Each problem in Jigu Suanjing follows the same format, the question part begins with "suppose we have such and such,... question:...how many are there?"; followed by "answer:", with concrete numbers; then followed by "The algorithm says:...", in which Wang Xiaotong detailed the reasoning and procedure for the construction of equations, with a terse description of the method of solution. The emphasis of the book is on how to solve engineering problems by construction of mathematical equations from geometric properties of the relevant problem.

In Jigu Suanjin, Wang established and solved 25 cubic equations, 23 of them from problem 2 to problem 18 have the form

 $x^3+px^2+qx=N, \,$

The remaining two problems 19, and 20 each has a double quadratic equation:

$x^4+px^2+q=0$

- Problem 3, two cubic equations:

 $x^3+\frac{3cd}{b-c}x^2+\frac{3(a+c)hd^2}{(H-h)(b-c)}x=\frac{6Vd^2}{(H-h)(b-c)}$

 $x^3+5004x^2+1169953\frac{1}{3}x=41107188\frac{1}{3}$；
- Problem 4 two cubic equations:

 $x^3+62x^2+696x=38448,\quad x=18;$

 $x^3+594x^2=682803,\quad x=33;$

- Problem 5

 $x^3+15x^2+66x-360,\quad x=3$

- Problem 7:

 $x^3+(D+G)x^2+\left(DG +\frac{D^2}{3}\right)x=P-\frac{D^2G}{3}$

 $X^+3\frac{hs}{D}x^2+3\left(\frac{hs}{D}\right)^2x=\frac{P'}{3}\frac{h^2}{D^2}$

- Problem 8:

 $x^3+90x^2-839808,\quad x=72$

- Problem 15:

 $x^3 +\frac{S}{2}x^2-\frac{P^2}{2S}=0$。

- Problem 17:

$x^3 +\frac{5}{2}Dx^2+2D^2x = \frac{P^2}{2D} - \frac{D^2}{2}$

- Problem 20:"Suppose the long side of a right angle triangle equals to sixteen and a half, the square of the product of the short side and the hypothenuse equals to one hundred sixty four and 14 parts of 25, question, what is the length of the short side ?"
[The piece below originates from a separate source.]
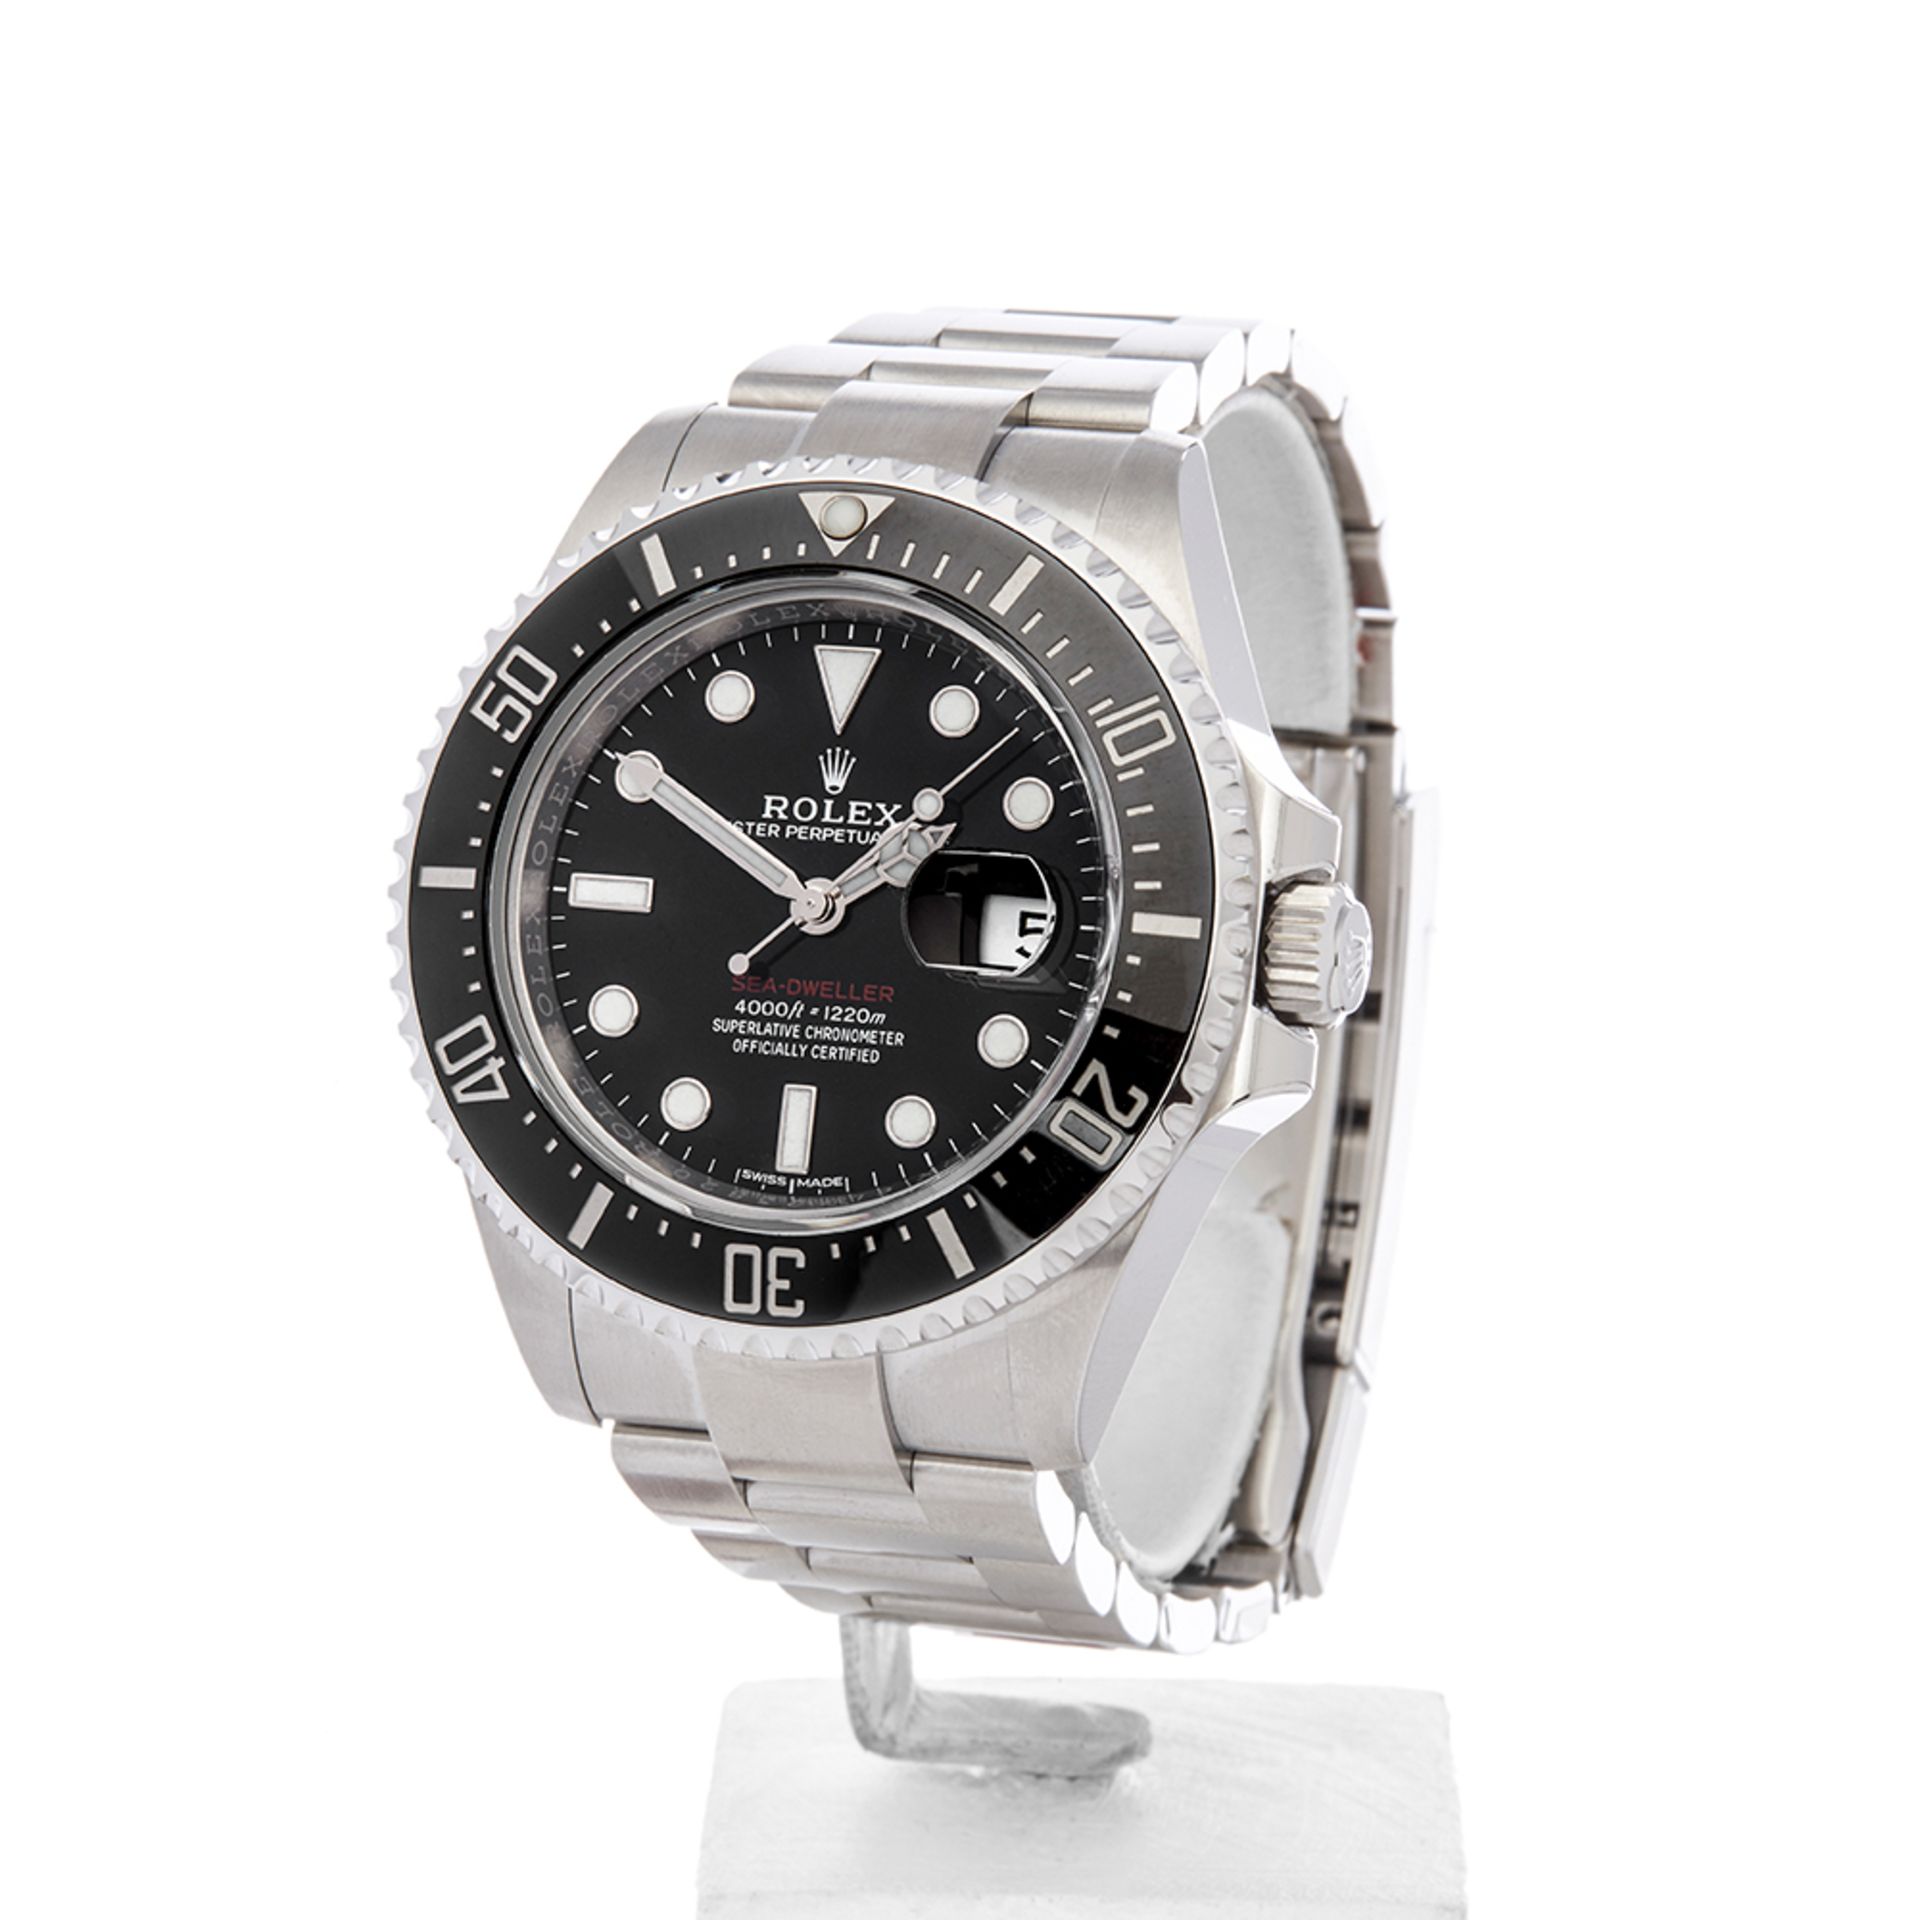 Rolex Sea-dweller 43mm Stainless Steel 126600 - Image 3 of 8

 Answer: "the length of the short side is eight and four fifth."

 Algorithm:"Let the square of the square of product as 'shi' (the constant term), and let the square of the long side of right angle triangle be the 'fa' (the coefficient of the y term). Solve by 'finding the root method', then find the square root again."

 The algorithm is about setting up a double quadratic equation:

 $x^4+\left(16\frac{1}{2}\right)^2x^2=\left(164\frac{14}{15}\right)^2$。

 where x is the short side.

Wang's work influence later Chinese mathematicians, like Jia Xian and Qin Jiushao of Song dynasty.

==Editions==
During the Tang dynasty there were hand-copied Jigu Suanjing in circulation. During the Song dynasty there were 1084 government-printed edition copies. However, by the Ming dynasty the Tang dynasty hand-copied editions and Song dynasty printed editions were almost all lost; only a single copy of a Southern Song print survived. This copy was later obtained by early Qing dynasty publisher Mao Jin, who made an image hand copy (hand-copied character by character, following the printed form closely) of it. Mao Jin's image copy of Jigu Suanjing later became the source for a printed edition during the Qianlong era and was also incorporated into the Siku Quanshu. The Qianlong era printed edition disappeared, and only Mao Jin's image copy edition of Jigu Suanjing survived at the Forbidden City Museum. The copy in the Siku Quanshu still exists.

During the Qing dynasty, study of Jigu Suangjing was in vogue; half a dozen books devoted to the study of Jigu Suanjing by mathematicians were published, some of which concentrated on filling the gaps left by many missing characters due to age, and some devoted to the detail elaboration of algorithm either from geometry point of view (Li Huang) or from Tian yuan shu (Zhang Dunren).

In 1963, Chinese mathematics historian Qian Baocong published his annotated The Ten Computational Canons, which included Jigu Suanjing.

Jigu Suanjing was introduced to the English speaking world by Alexander Wylie in his book Notes on Chinese Literature.